▶ **GOAL OF THE EXERCISE**
The full listing, word for word and free of images, is the expected result.

▶ **SOURCE DATA**
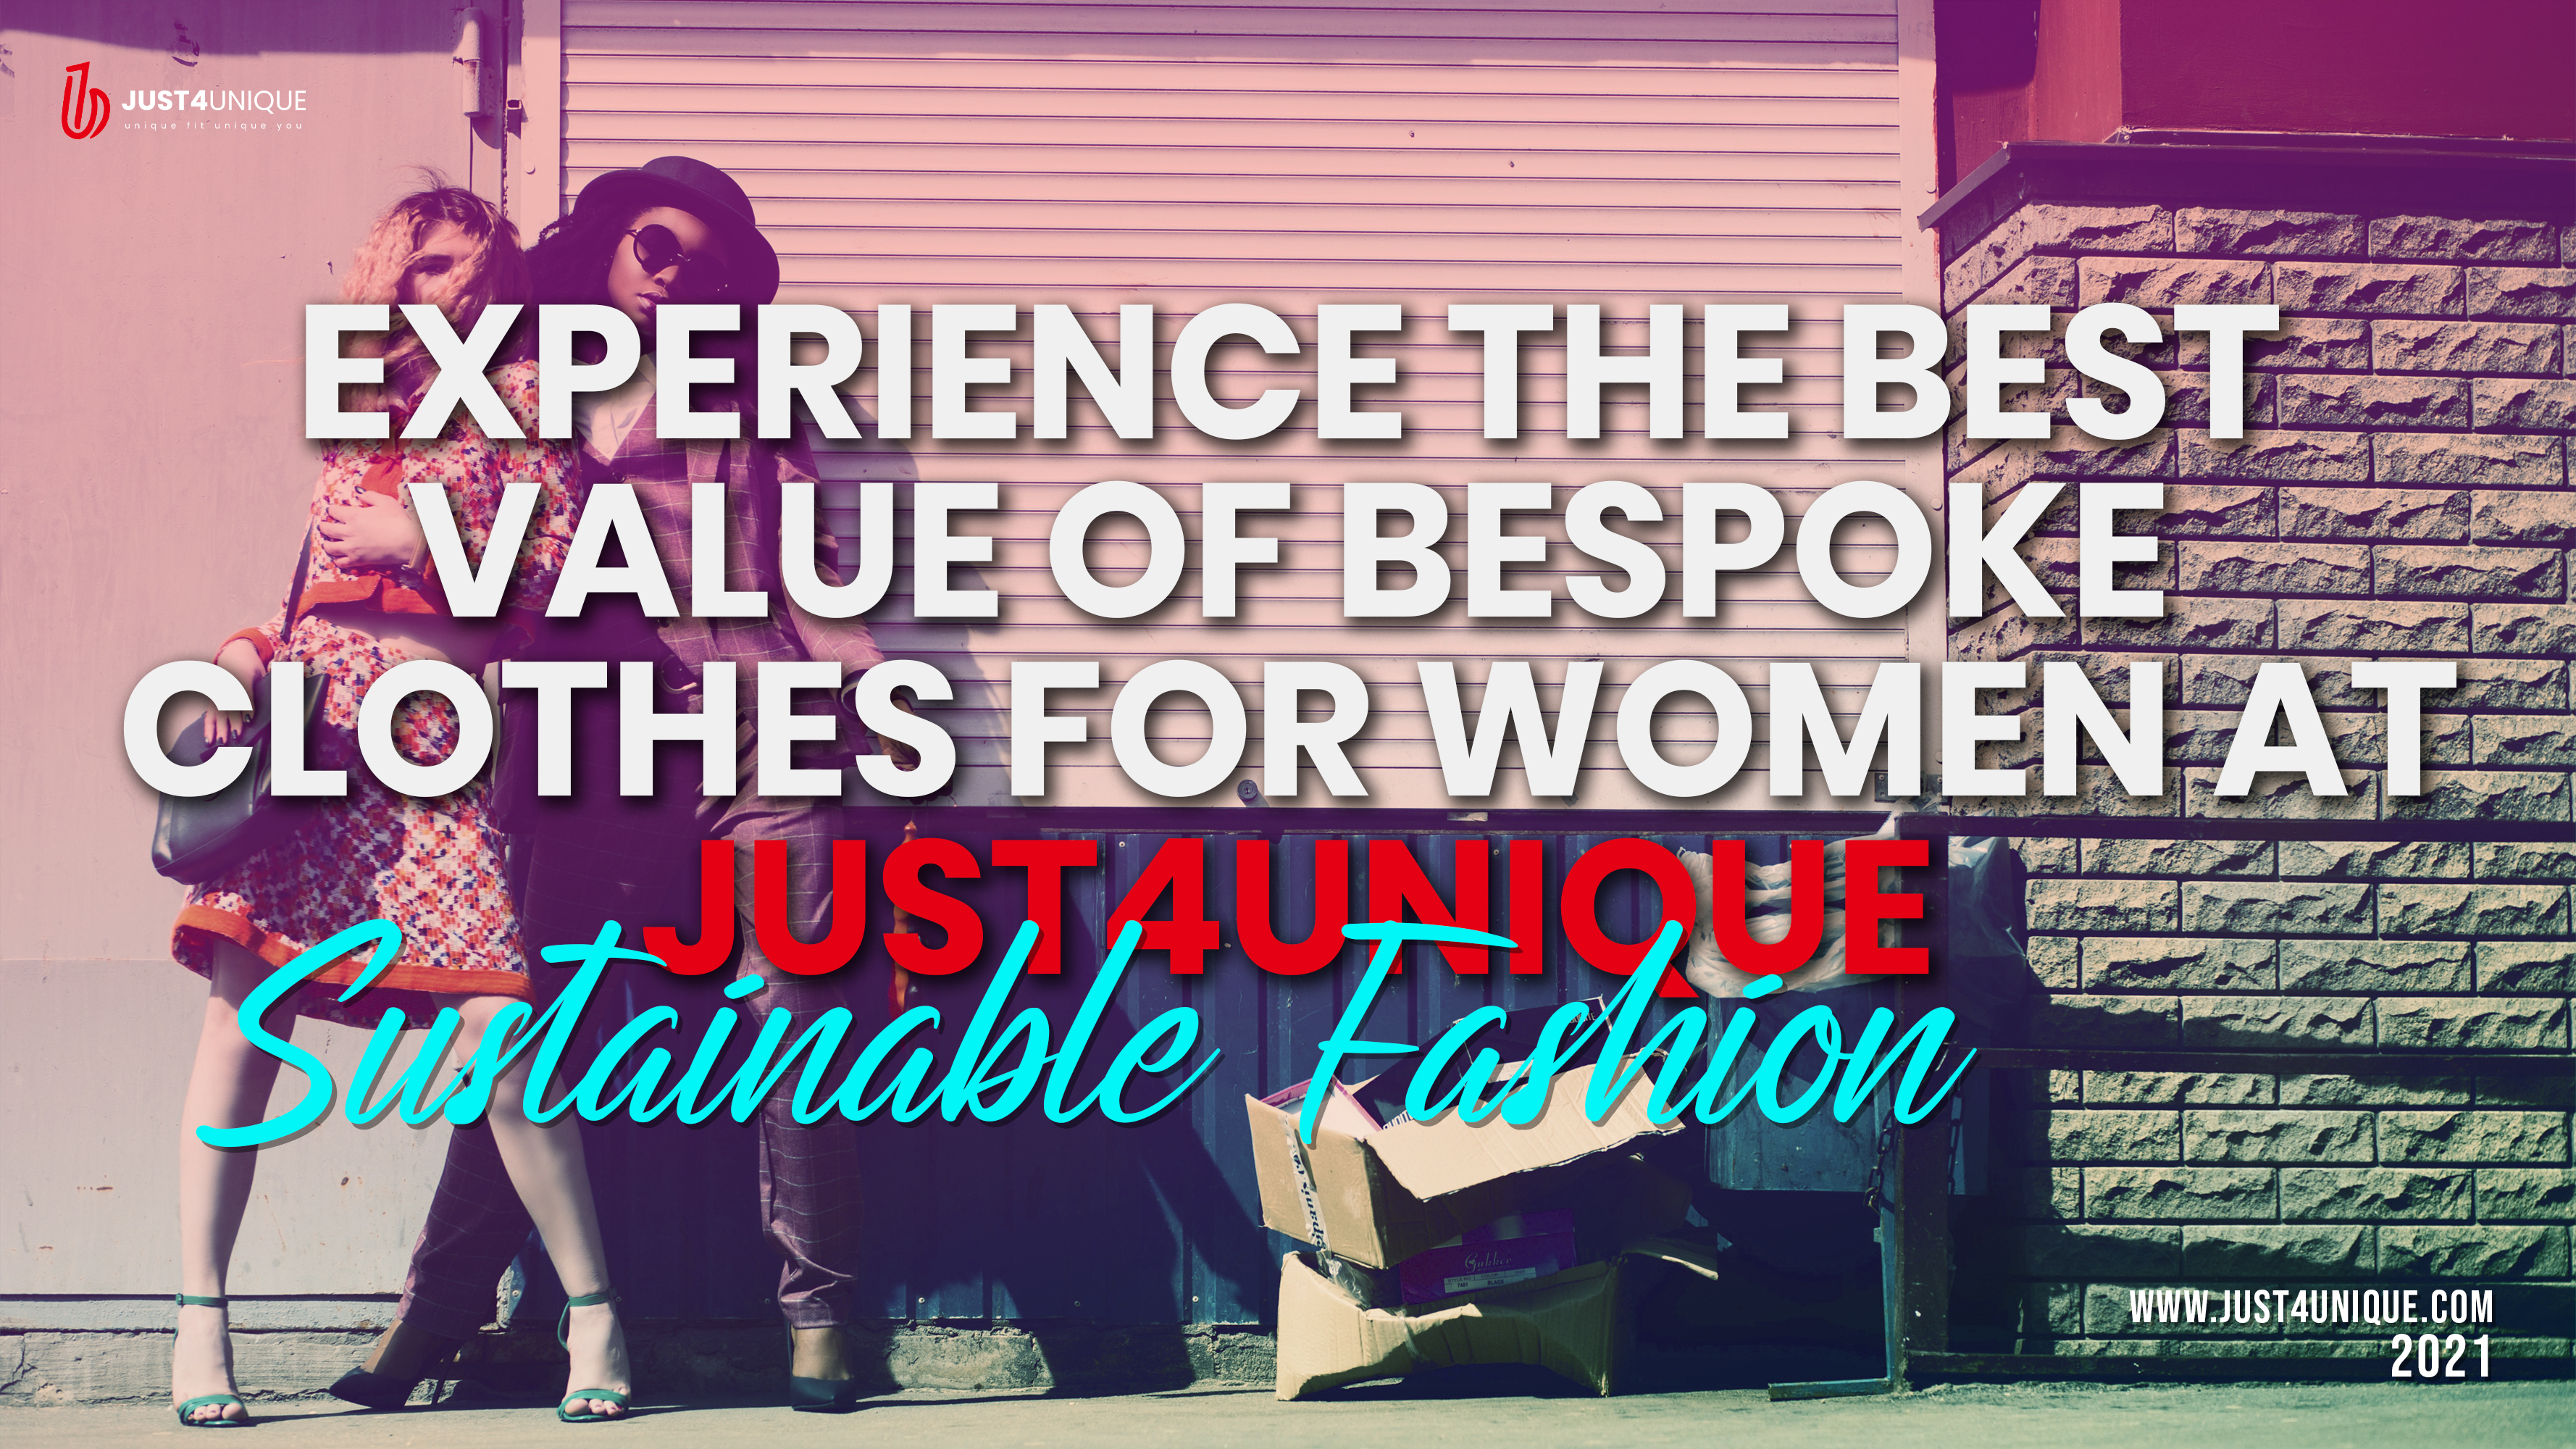 Experience the Best Value of Bespoke Clothes for Women at Just4Unique
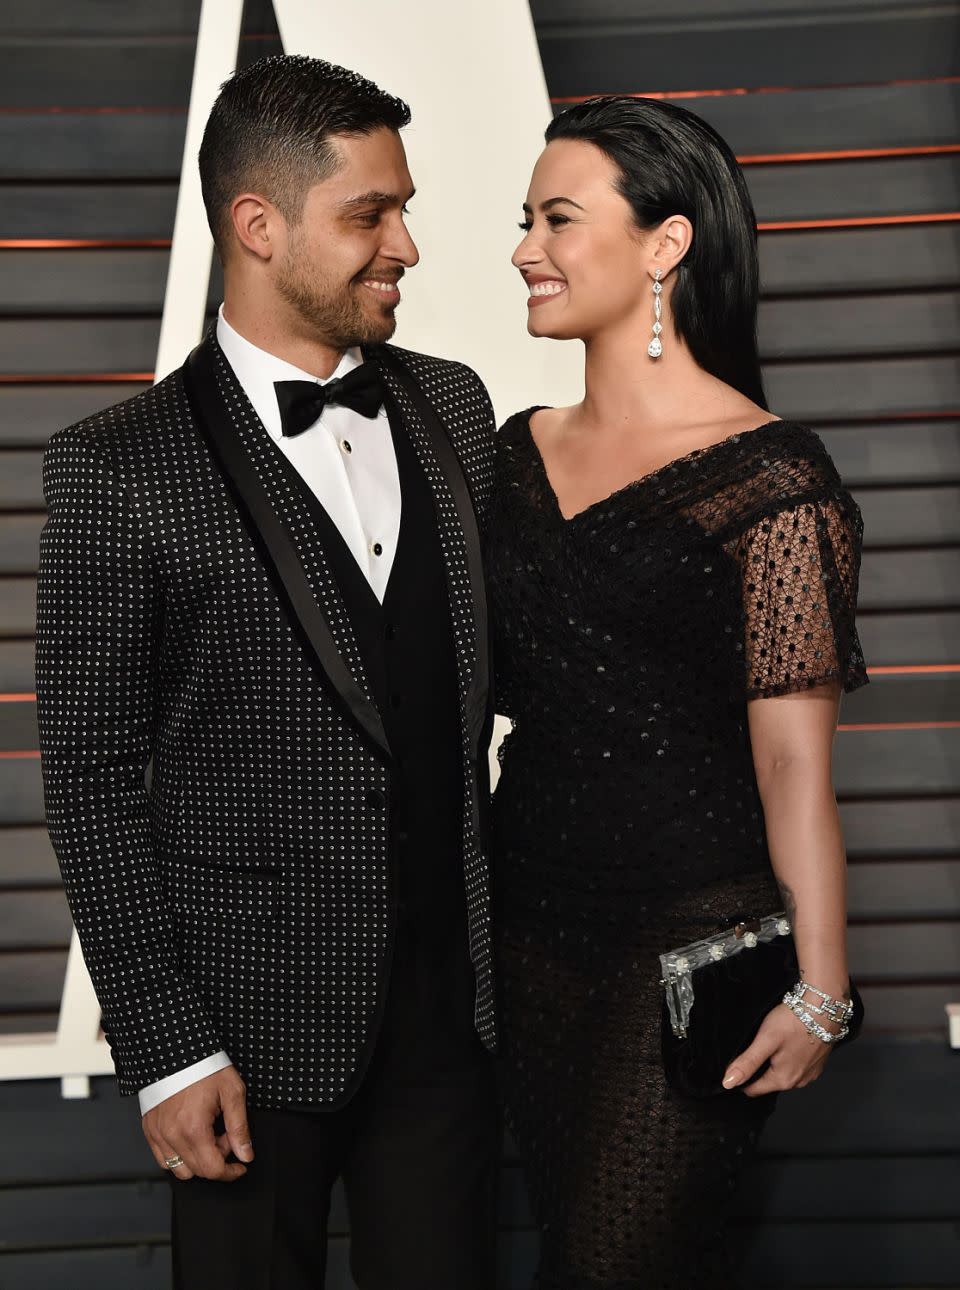 She also talks about her break-up from Wilmer Valderrama. Source: Getty
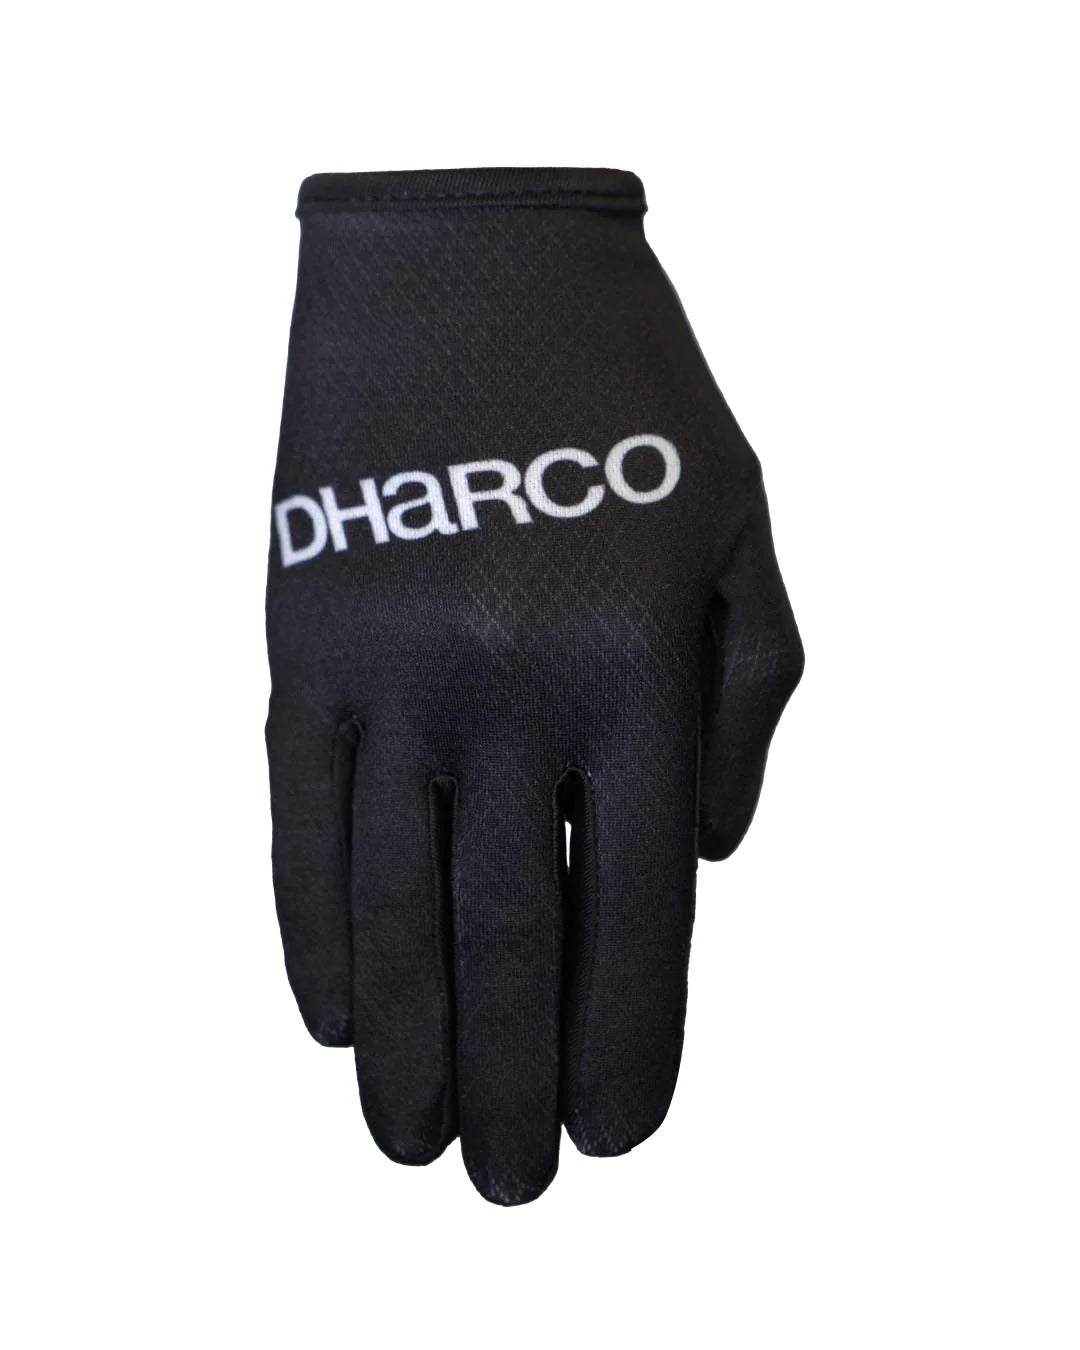 DHaRCO Youth Race Glove

▶ **ANSWER TO THIS TASK**
 Experience the Best Value of Bespoke Clothes for Women at Just4Unique
 She also talks about her break-up from Wilmer Valderrama. Source: Getty
 DHaRCO Youth Race Glove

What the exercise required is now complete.